-- The problem --
The whole listing below should be retyped exactly, without any images.

-- Data section --
◇ ◇ ◇ ◇ ◇

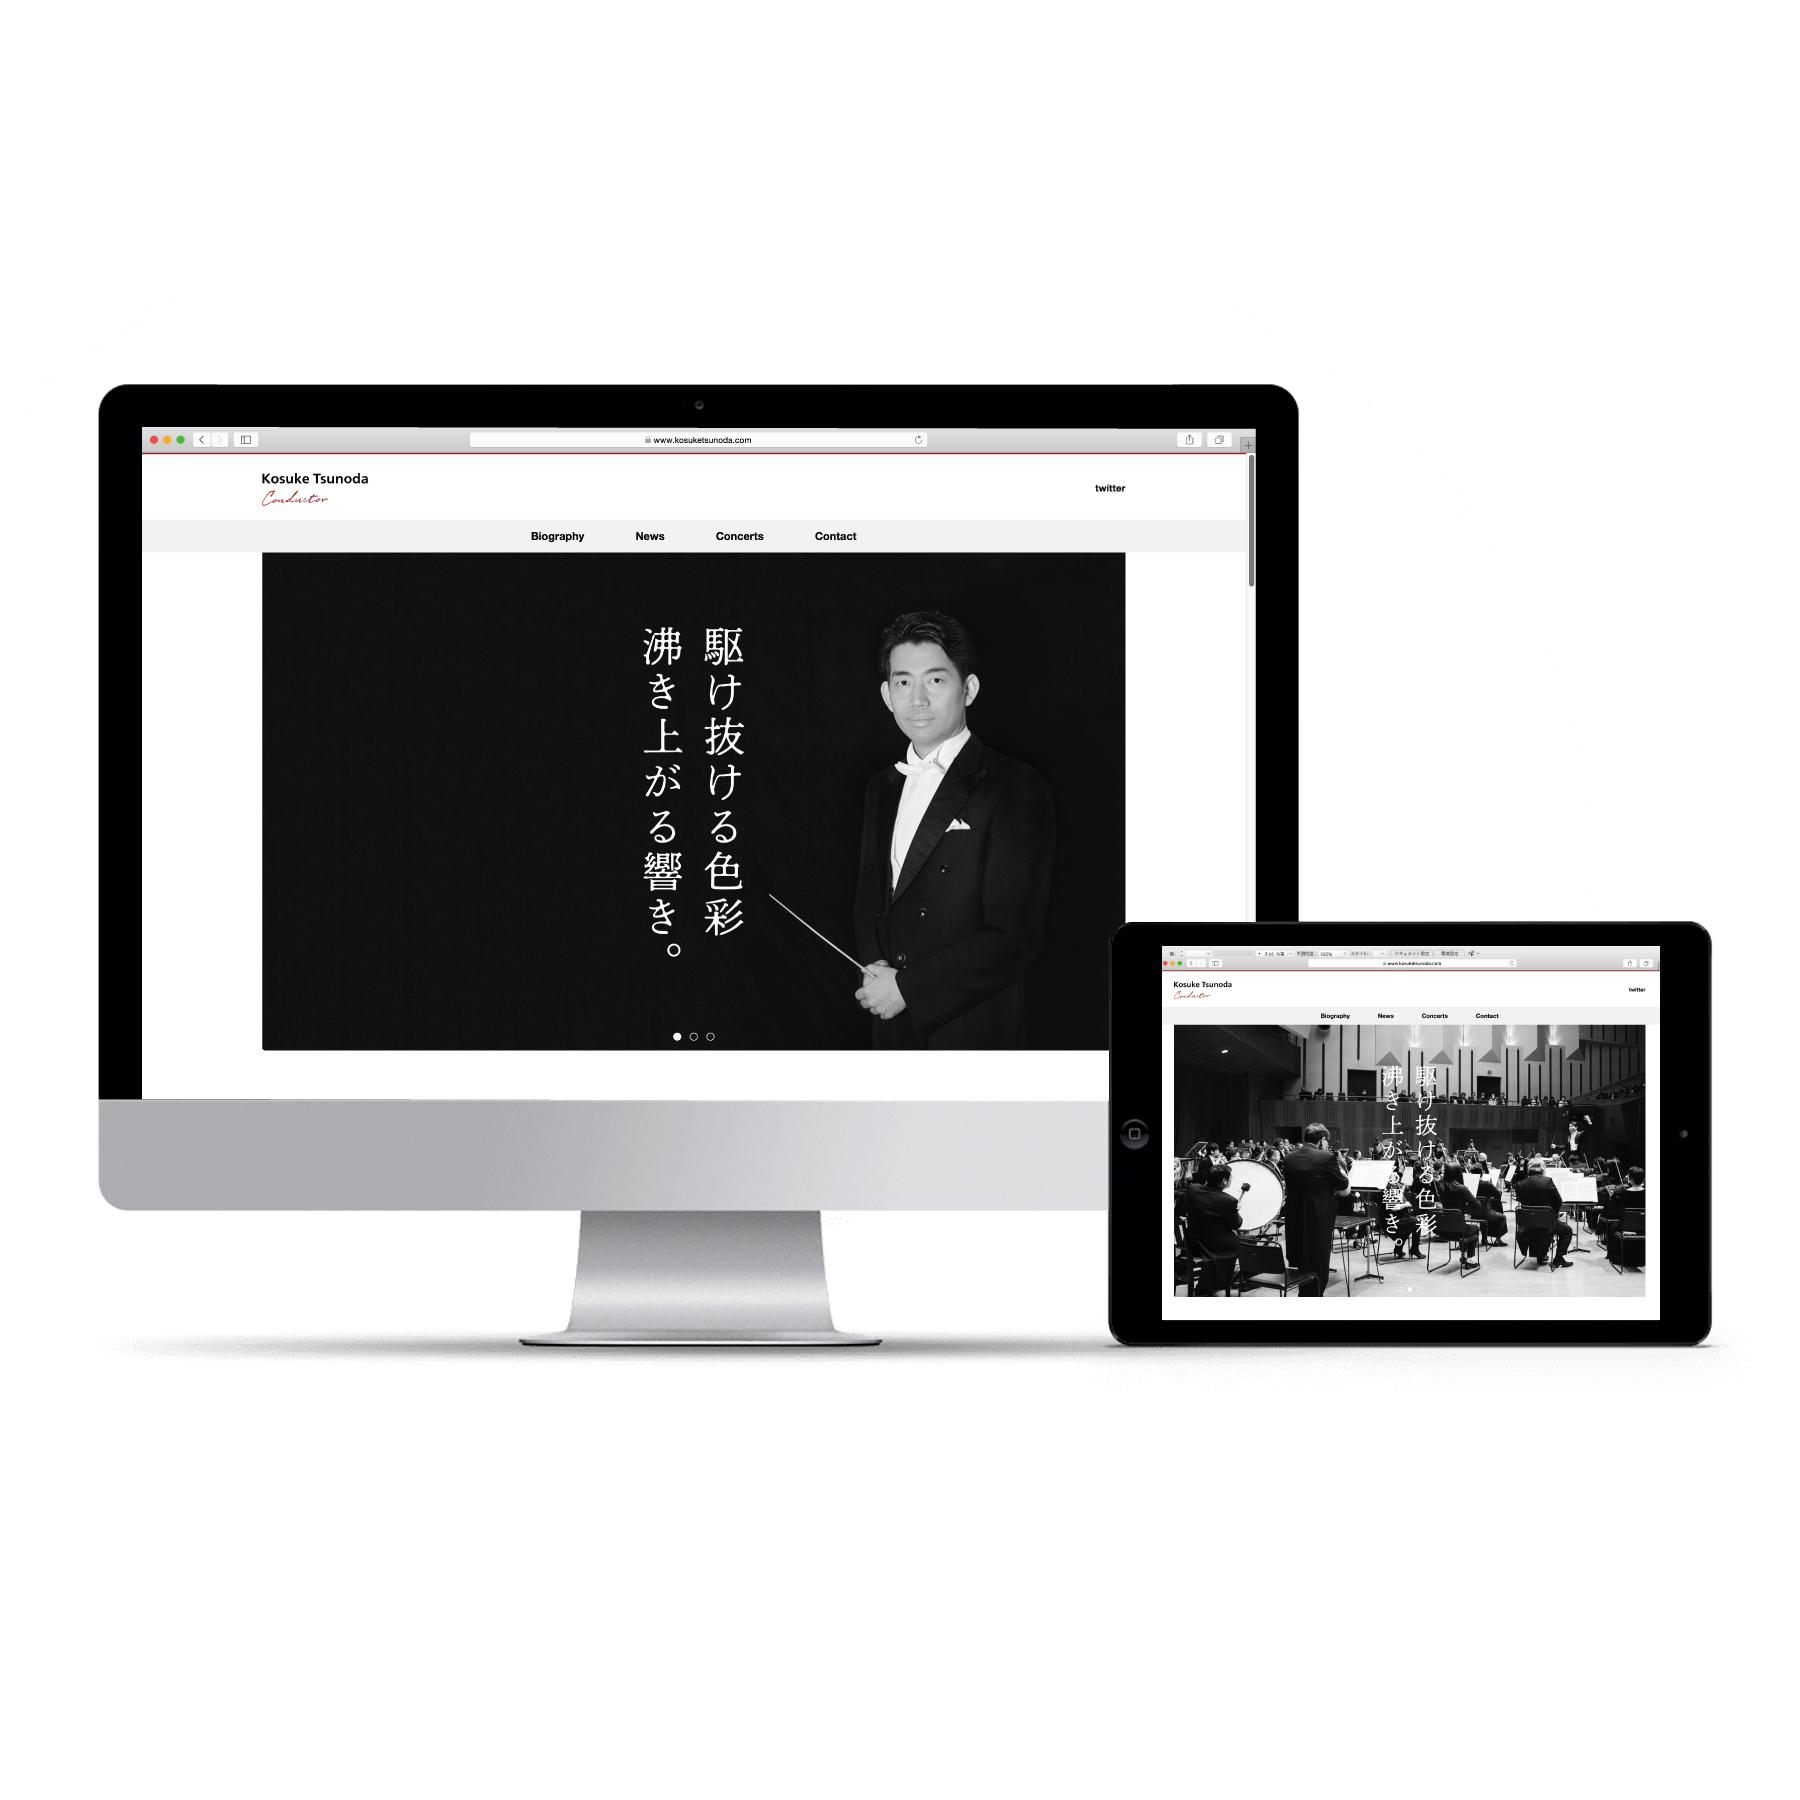 指揮者 角田鋼亮 - Conductor, Kosuke Tsunoda|ウェブデザイン ブランドデザイン|東京都
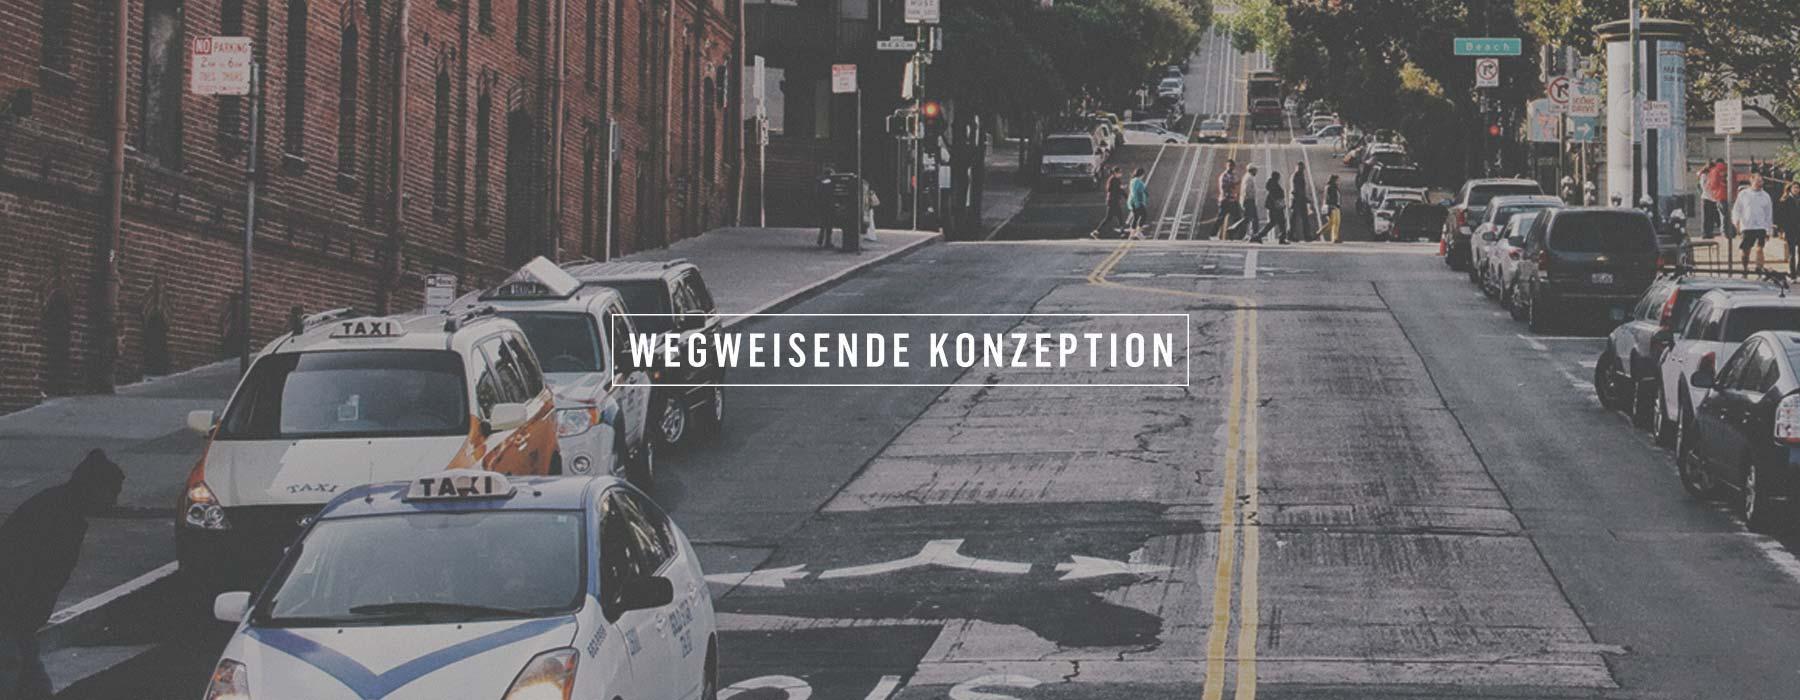 team_pera_ueber-uns_wegweisende_konzeption
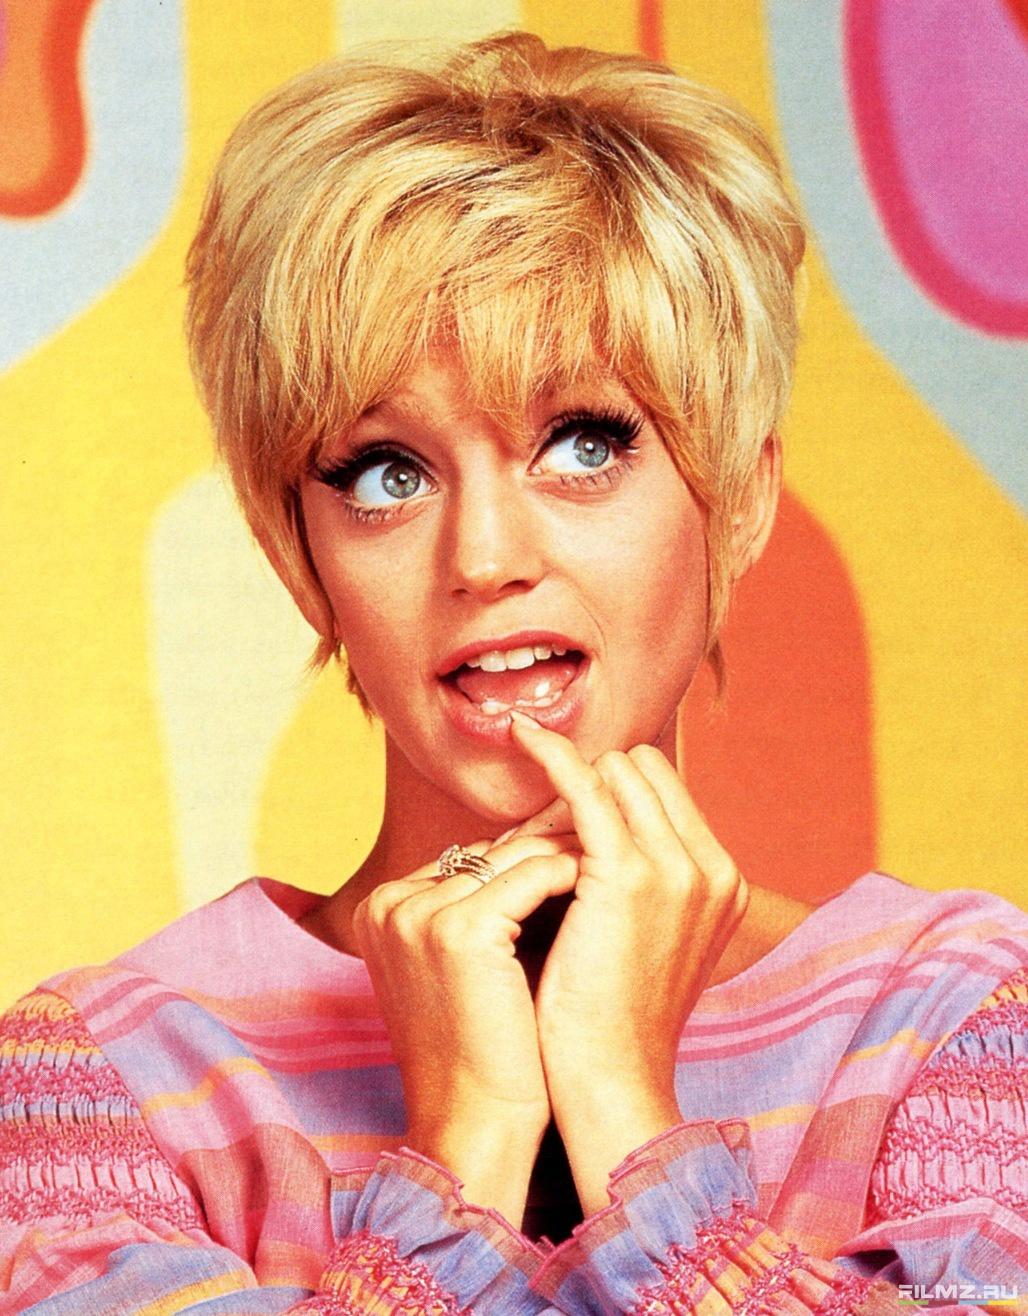 фотосессия промо-слайды Цветок кактуса Голди Хоун,

◇ ◇ ◇ ◇ ◇

-- Task output --
 指揮者 角田鋼亮 - Conductor, Kosuke Tsunoda|ウェブデザイン ブランドデザイン|東京都
 team_pera_ueber-uns_wegweisende_konzeption
 фотосессия промо-слайды Цветок кактуса Голди Хоун,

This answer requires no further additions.